7. The node clustering method according to claim 6, comprising:

and (3) node self-checking: each node automatically judges whether the node has the cluster head function, and if so, the node sends the residual energy of the node to a cluster head node selection device;

a cluster head node selection stage: the cluster head node selection apparatus selects a cluster head node according to the cluster head node selection method of any one of claims 1 to 5.

8. A cluster head node selection apparatus, comprising:

the receiving unit is used for receiving the residual energy sent by each node;

the judging unit is used for judging whether each node meets a preset cluster head competition condition or not according to the residual energy;

a data obtaining unit, configured to obtain relevant data of the node when the node satisfies a cluster head competition condition; the relevant data includes: centrality, historical duration of acting as a cluster head;

and the selecting unit is used for selecting an optimal node as a cluster head node according to the relevant data and the residual energy of each node.
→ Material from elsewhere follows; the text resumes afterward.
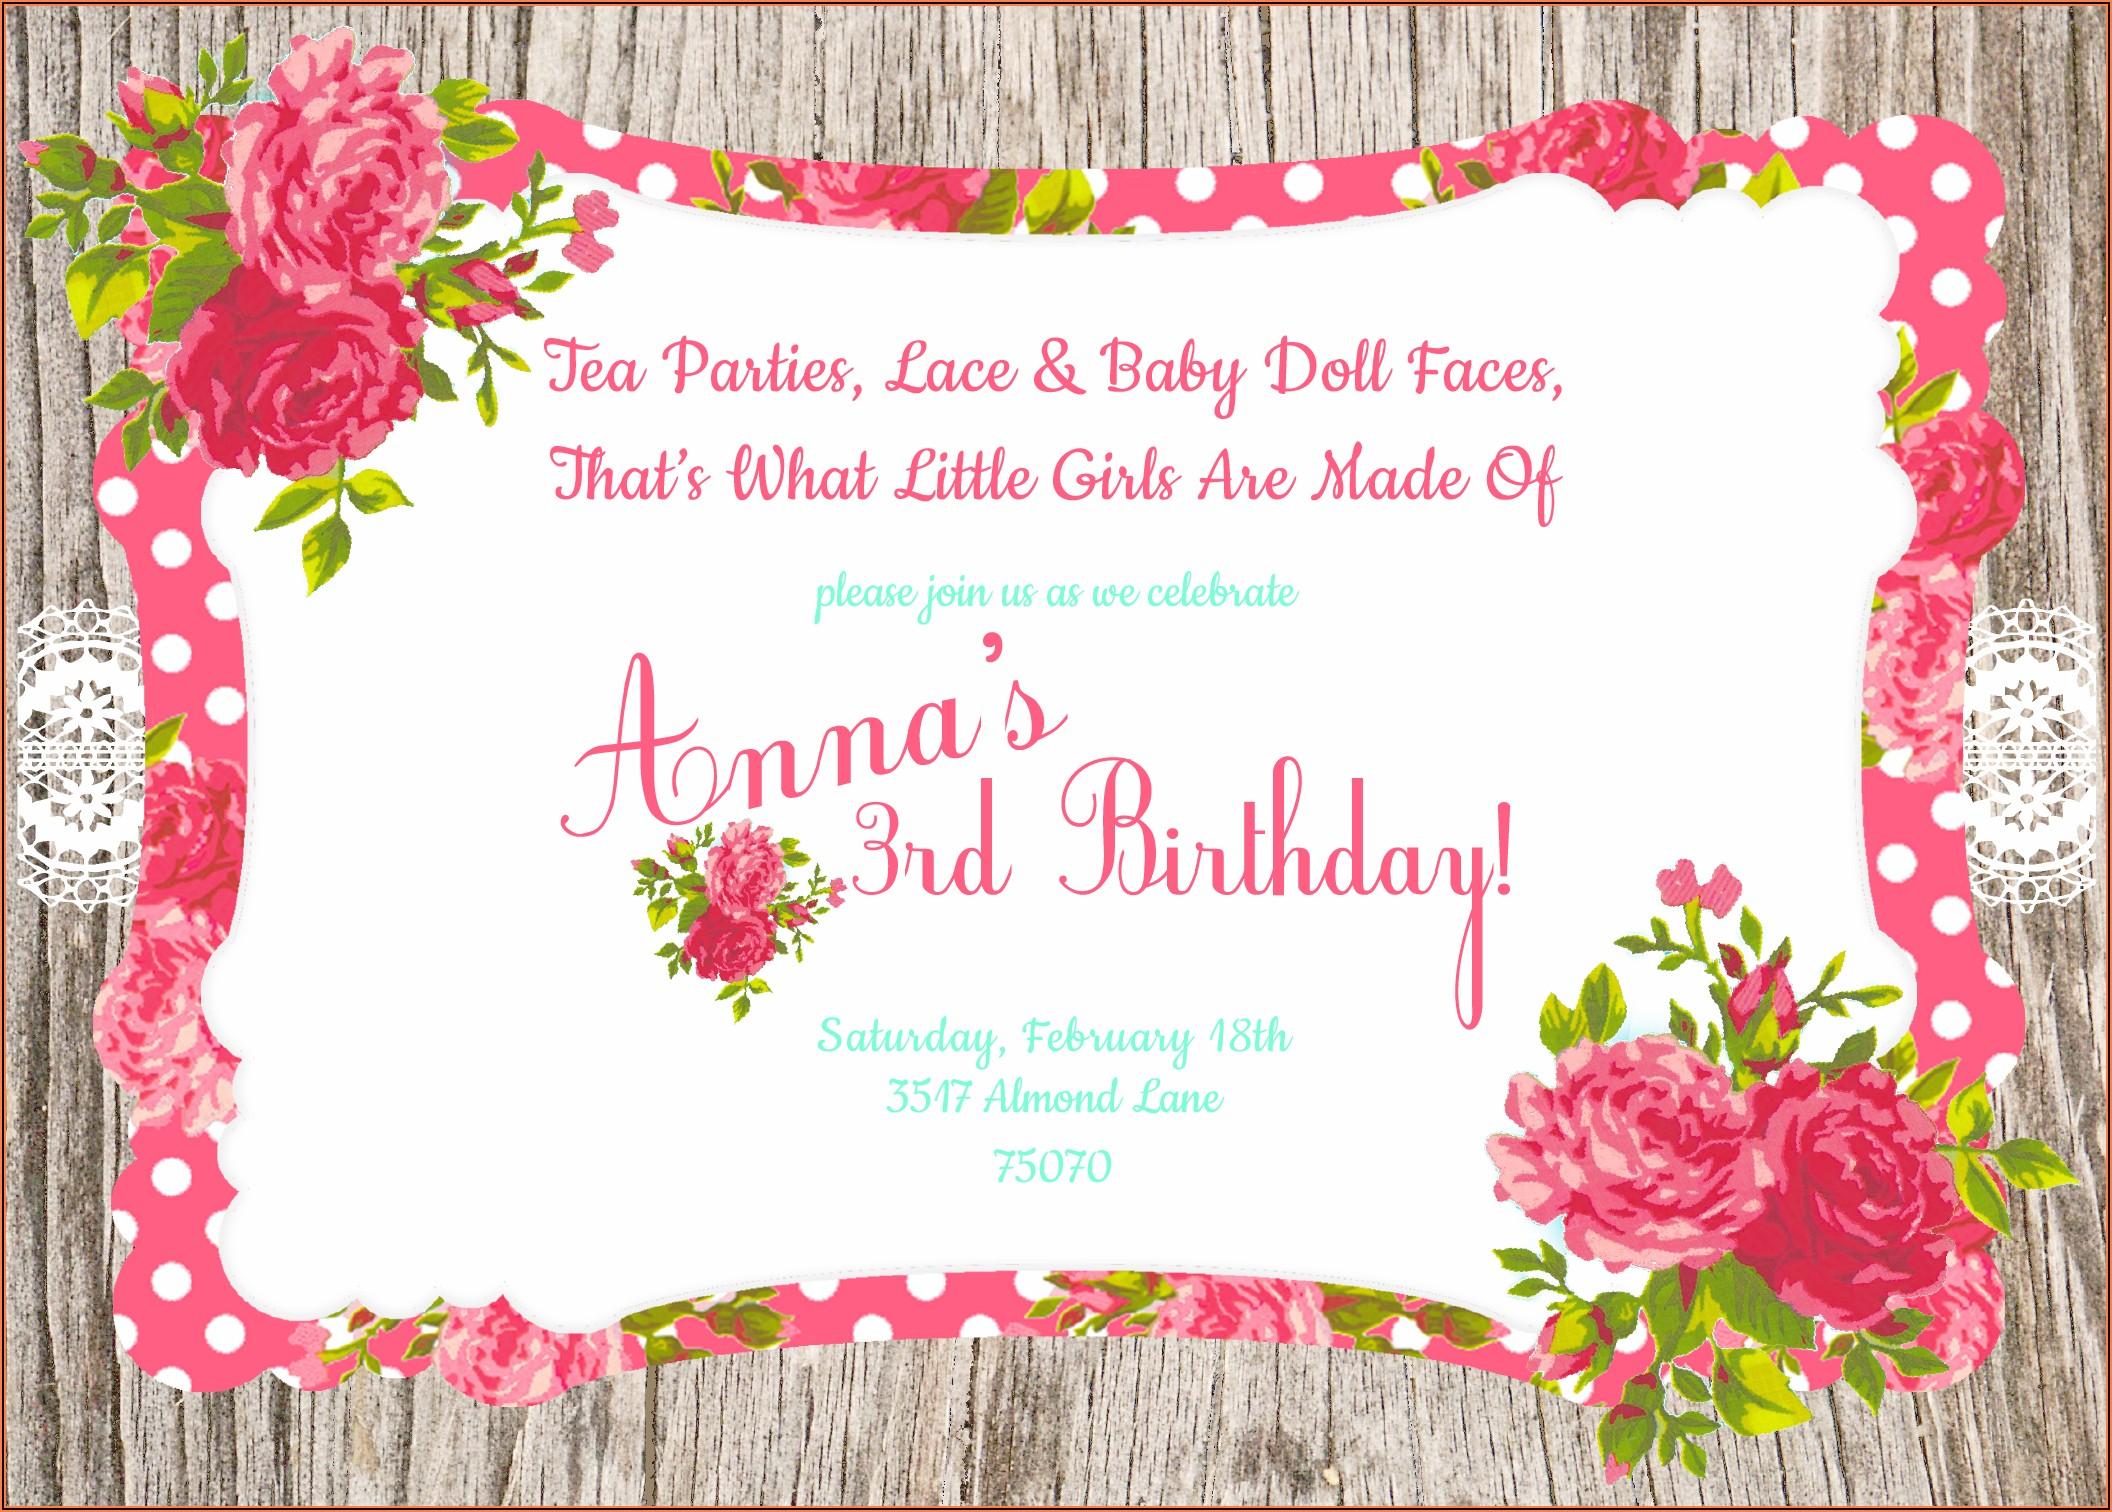 1st Birthday Invitation Card Png

9. The node clustering device according to claim 8, wherein the judging unit comprises:

the first calculation module is used for calculating an energy benefit value P of each node according to a first formula and the residual energy of each node;

and the judging module is used for judging whether the energy benefit value of each node is greater than a preset value or not, and if so, the nodes meet cluster head competition conditions.

10. The node clustering apparatus according to claim 8, wherein the selecting unit comprises:

the second calculation module is used for calculating the weight W of each node according to a second formula;

a cluster head determining module, configured to select the node with the smallest weight as a cluster head node;

wherein the second formula comprises:

wherein, W (V)_i) Represents a node V_iCentral degree of (d), dg (V)_i) Represents a node V_iCentrality of, T (V)_i) Represents a node V_iA historical length of time to assume a cluster head; t is_thrRepresenting the total time of operation of the network, P (V)_i) Represents a node V_iα + β + γ being 1.